▶ **GIVEN DATA**:
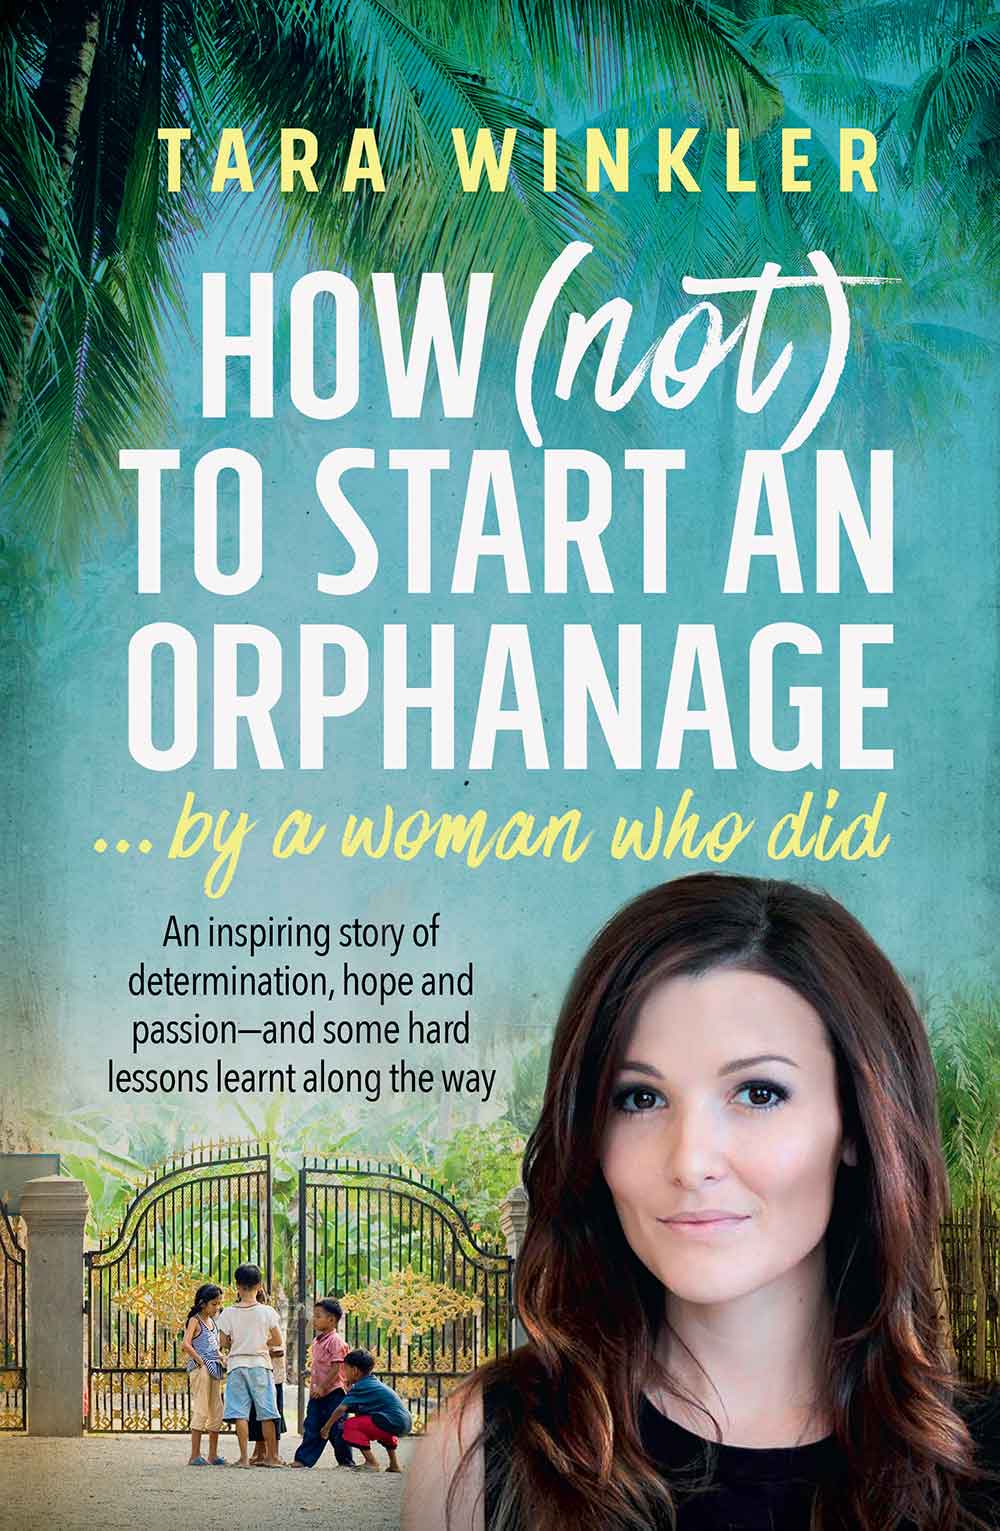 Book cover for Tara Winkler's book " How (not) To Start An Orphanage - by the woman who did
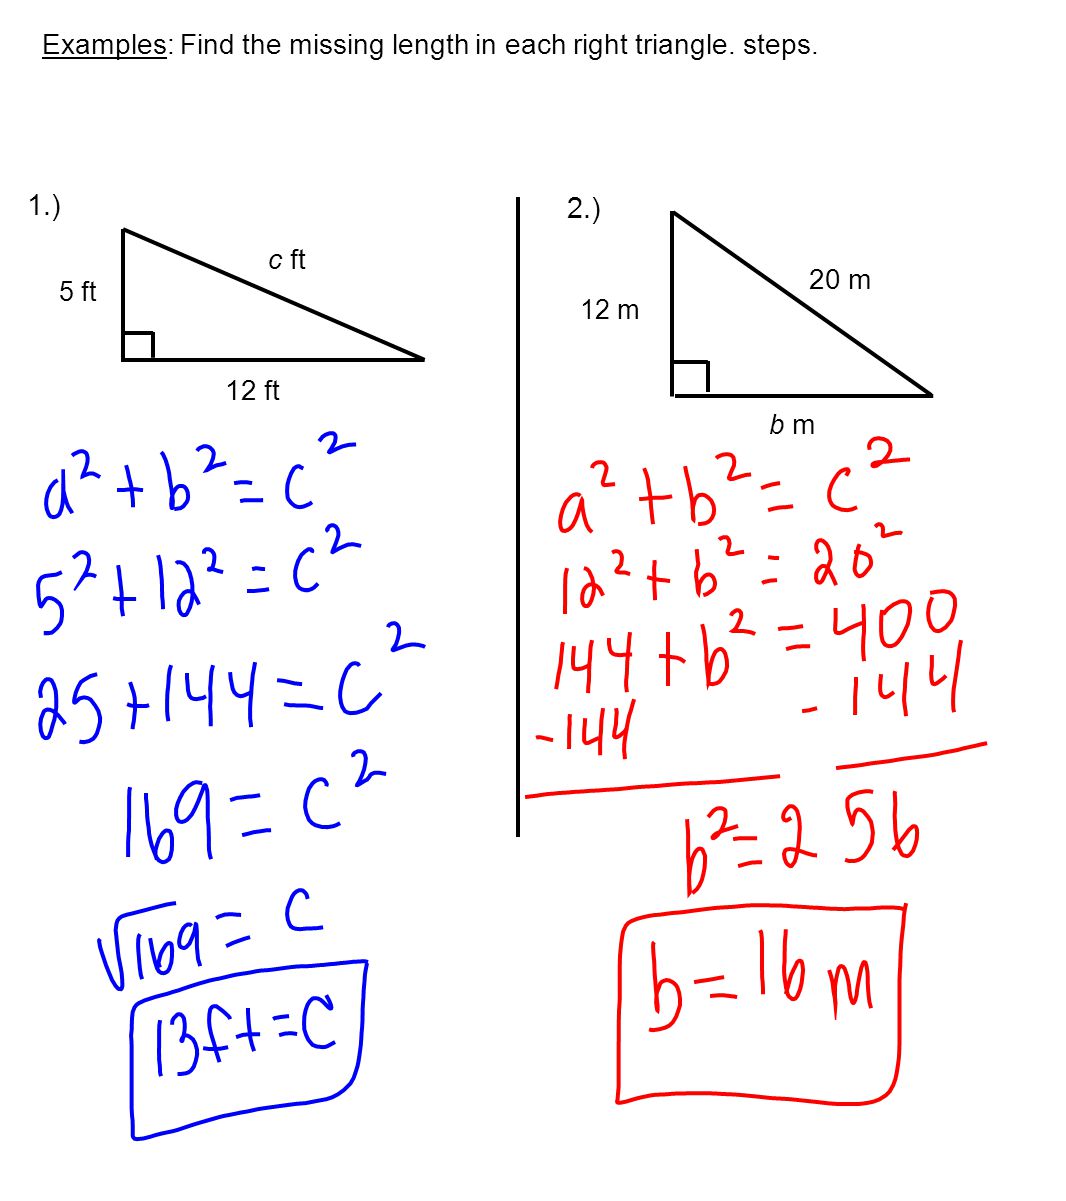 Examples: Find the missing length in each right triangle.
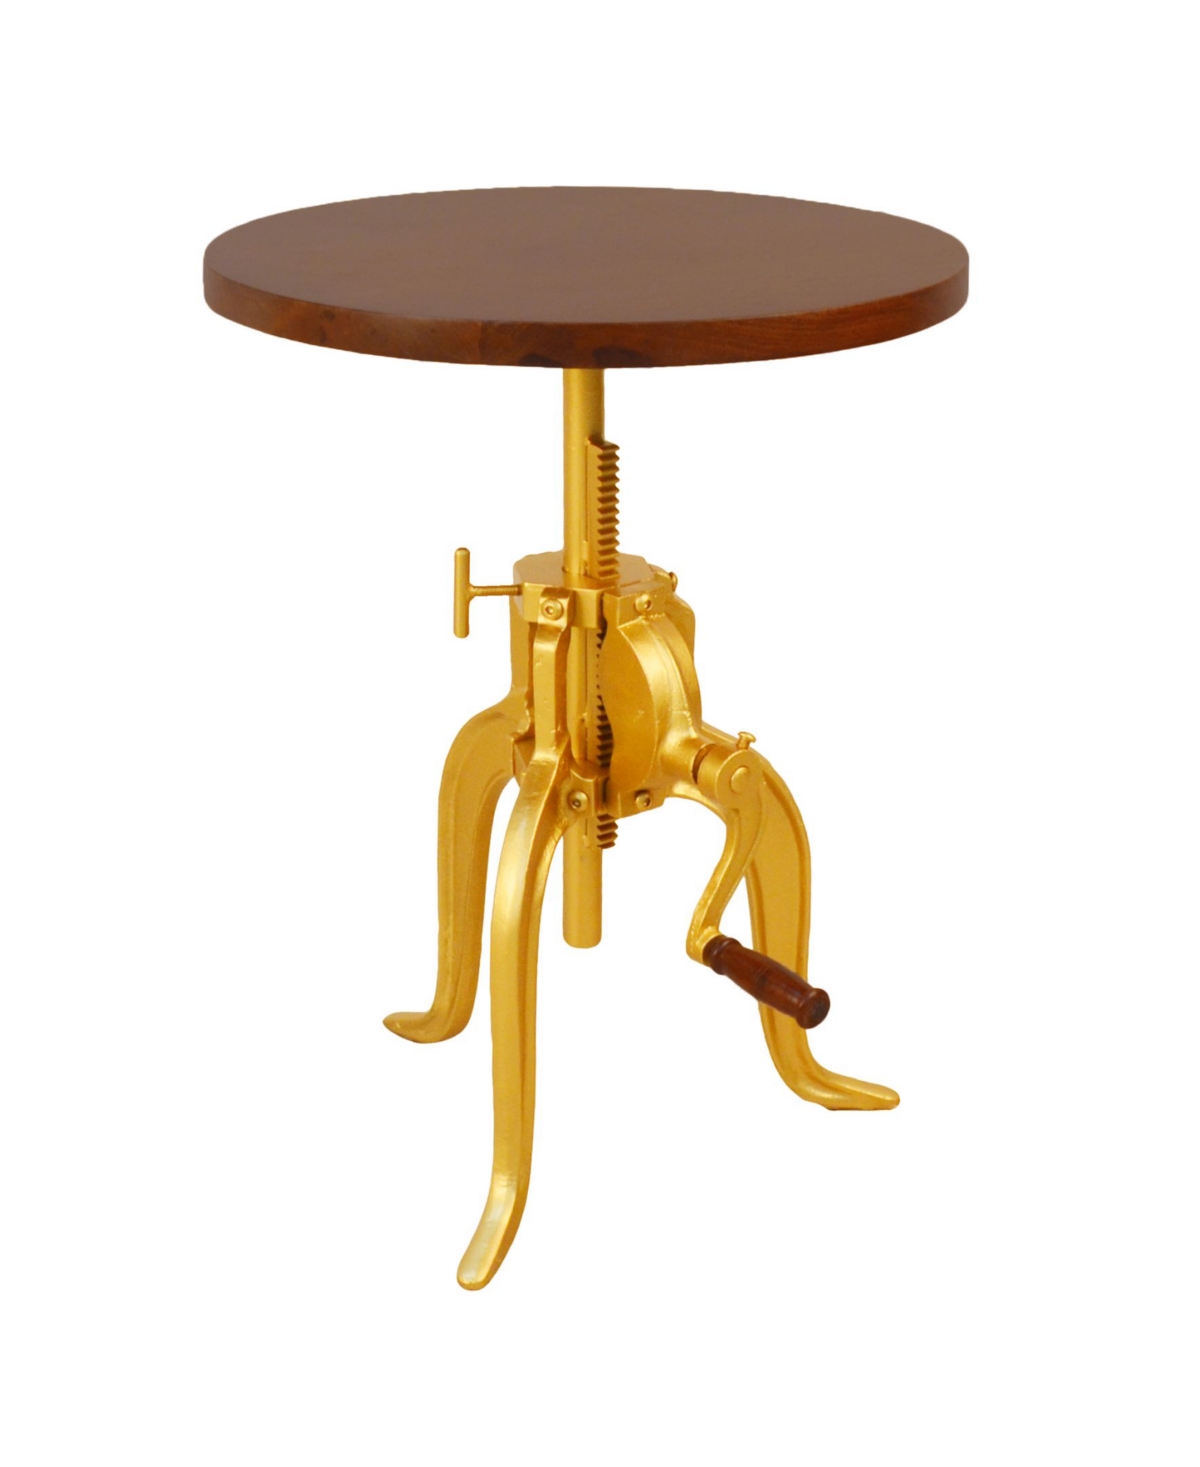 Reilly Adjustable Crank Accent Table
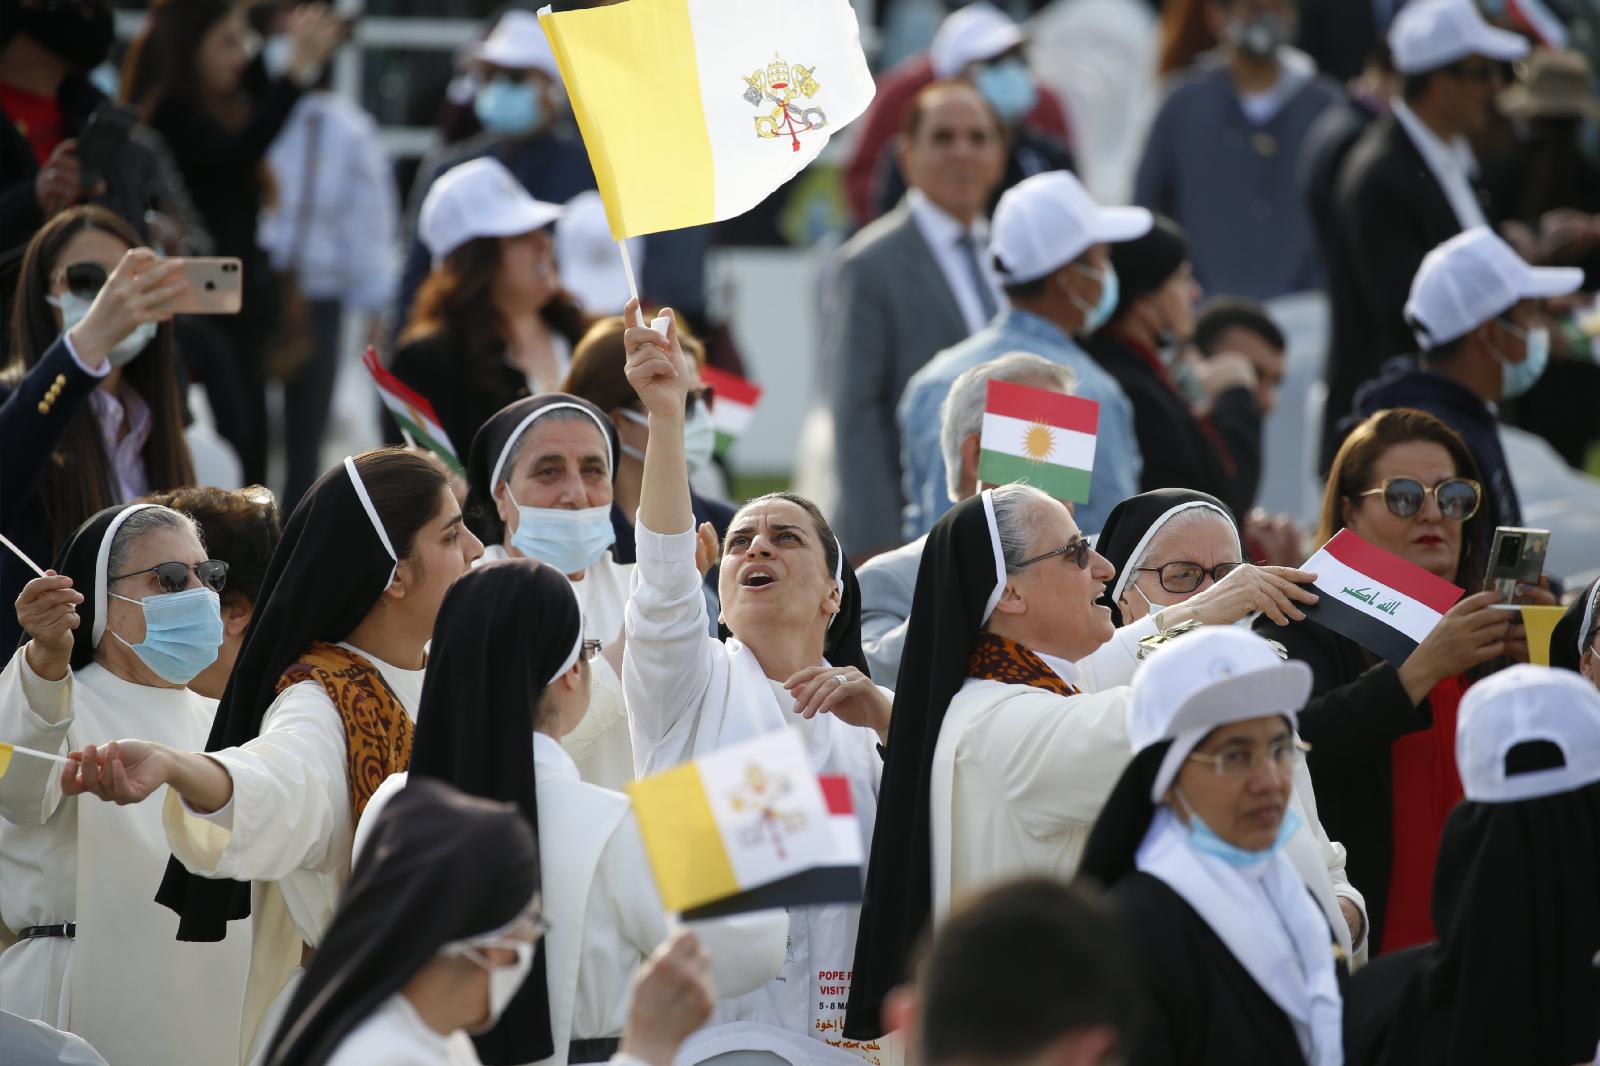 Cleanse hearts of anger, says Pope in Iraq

▶ **TASK OBJECTIVE**: Please copy out each line above exactly as written, but not the pictures.

▶ **SOLUTION BELOW**:
 Book cover for Tara Winkler's book " How (not) To Start An Orphanage - by the woman who did
 Examples: Find the missing length in each right triangle.
 Reilly Adjustable Crank Accent Table
 Cleanse hearts of anger, says Pope in Iraq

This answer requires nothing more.